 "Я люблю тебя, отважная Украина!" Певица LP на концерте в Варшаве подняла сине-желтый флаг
* * *
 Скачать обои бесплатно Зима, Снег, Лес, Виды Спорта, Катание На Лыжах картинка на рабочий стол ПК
--
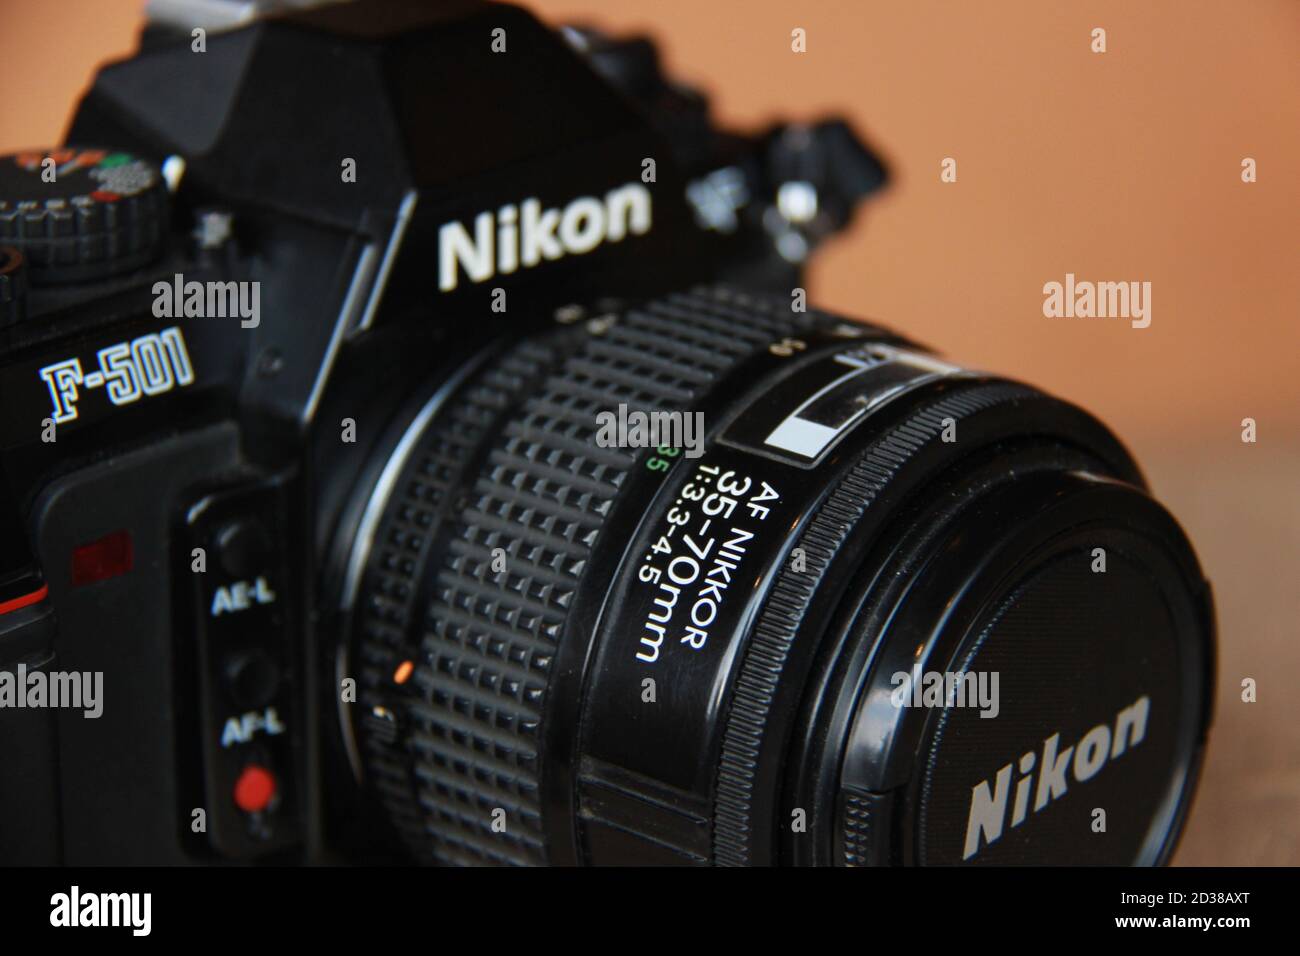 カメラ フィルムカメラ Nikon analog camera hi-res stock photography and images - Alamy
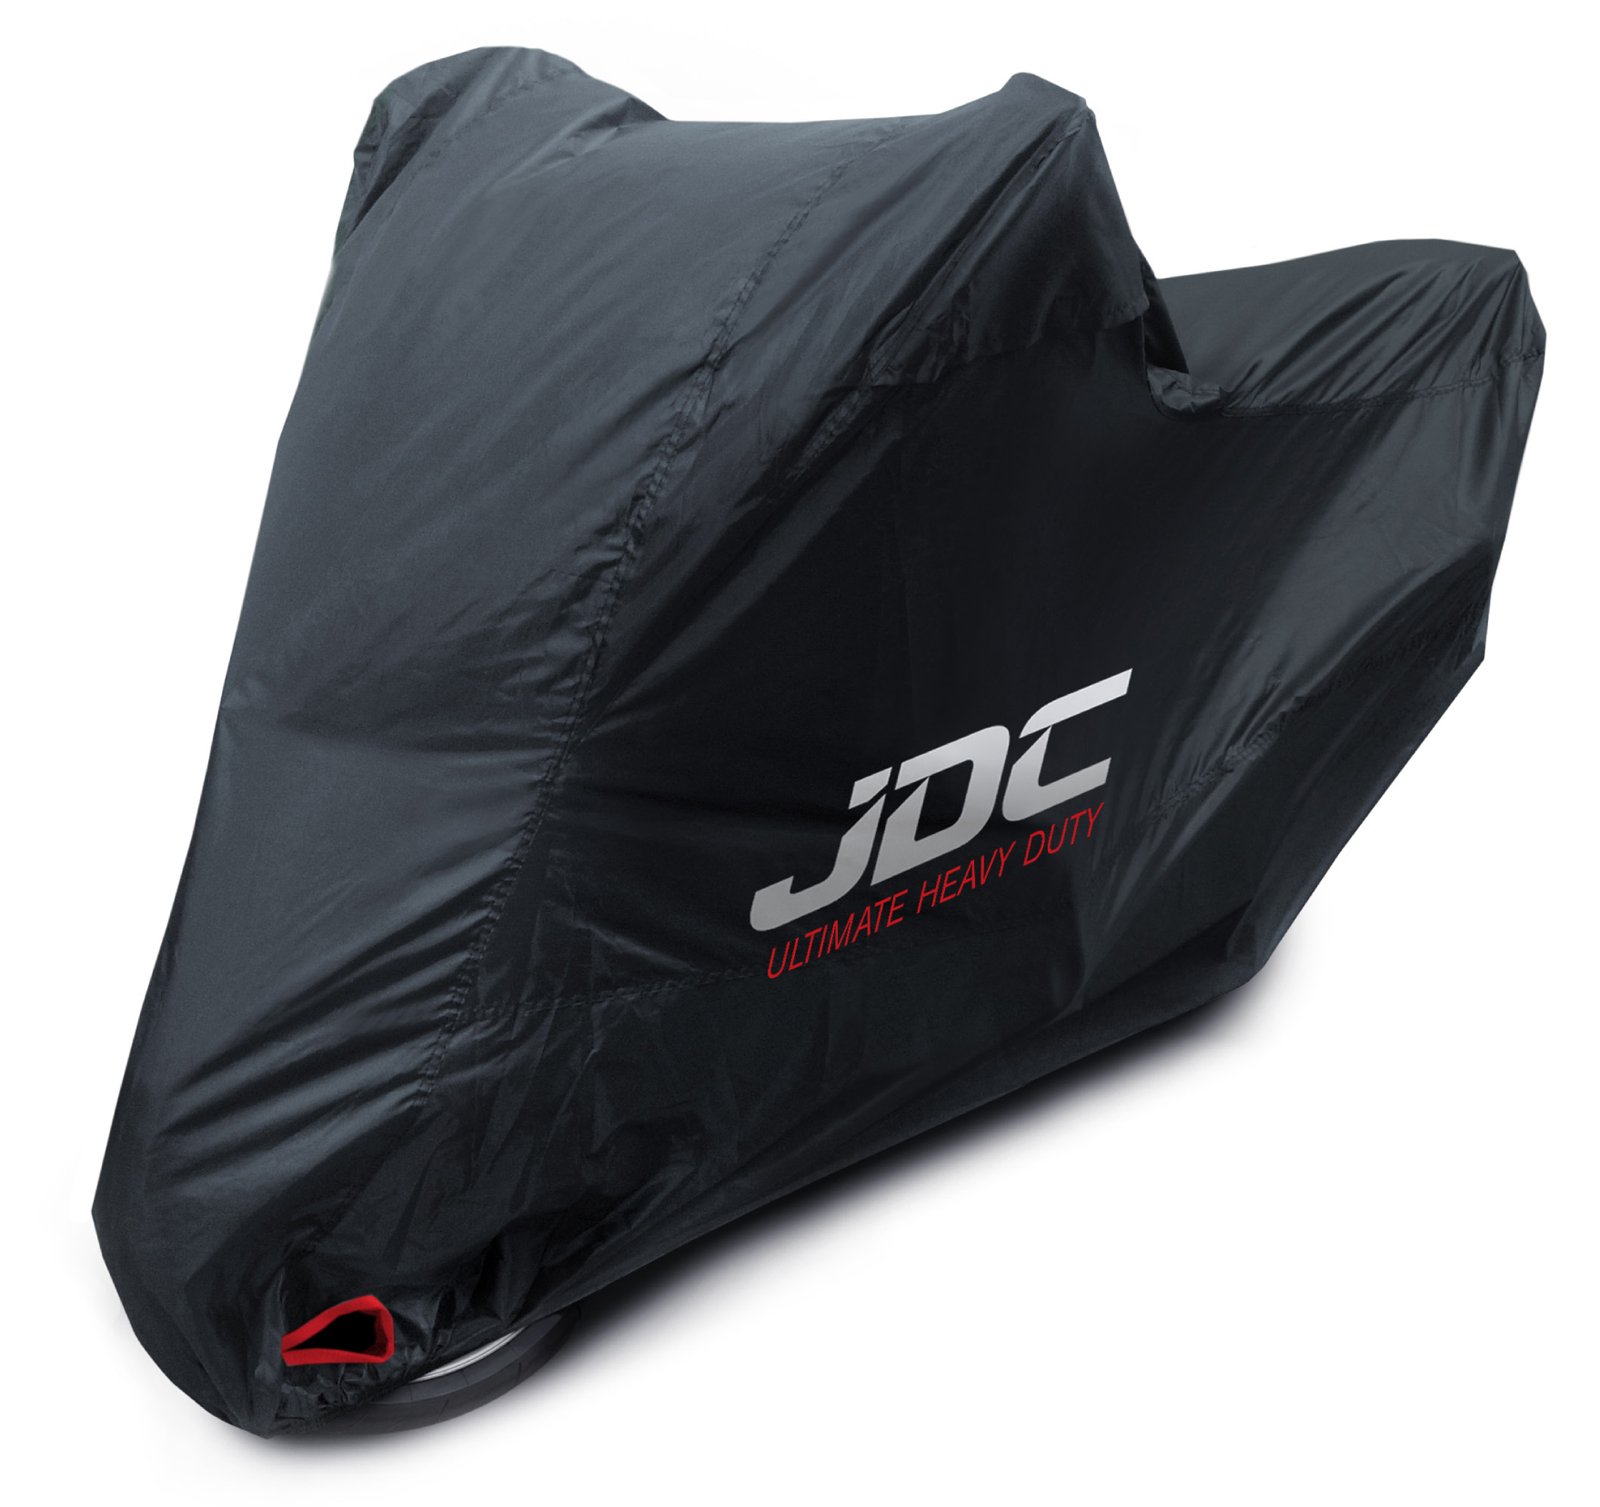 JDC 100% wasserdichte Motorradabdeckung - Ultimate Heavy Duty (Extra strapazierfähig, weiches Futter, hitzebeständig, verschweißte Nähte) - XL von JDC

REQUIRED WORK> The result should be an exact copy of only the lines above from the one that holds "カメラ フィルムカメラ Nikon" through the one that holds "JDC 100% wasserdichte", both ends included, without pictures.

EXERCISE RESPONSE>
 カメラ フィルムカメラ Nikon analog camera hi-res stock photography and images - Alamy
 JDC 100% wasserdichte Motorradabdeckung - Ultimate Heavy Duty (Extra strapazierfähig, weiches Futter, hitzebeständig, verschweißte Nähte) - XL von JDC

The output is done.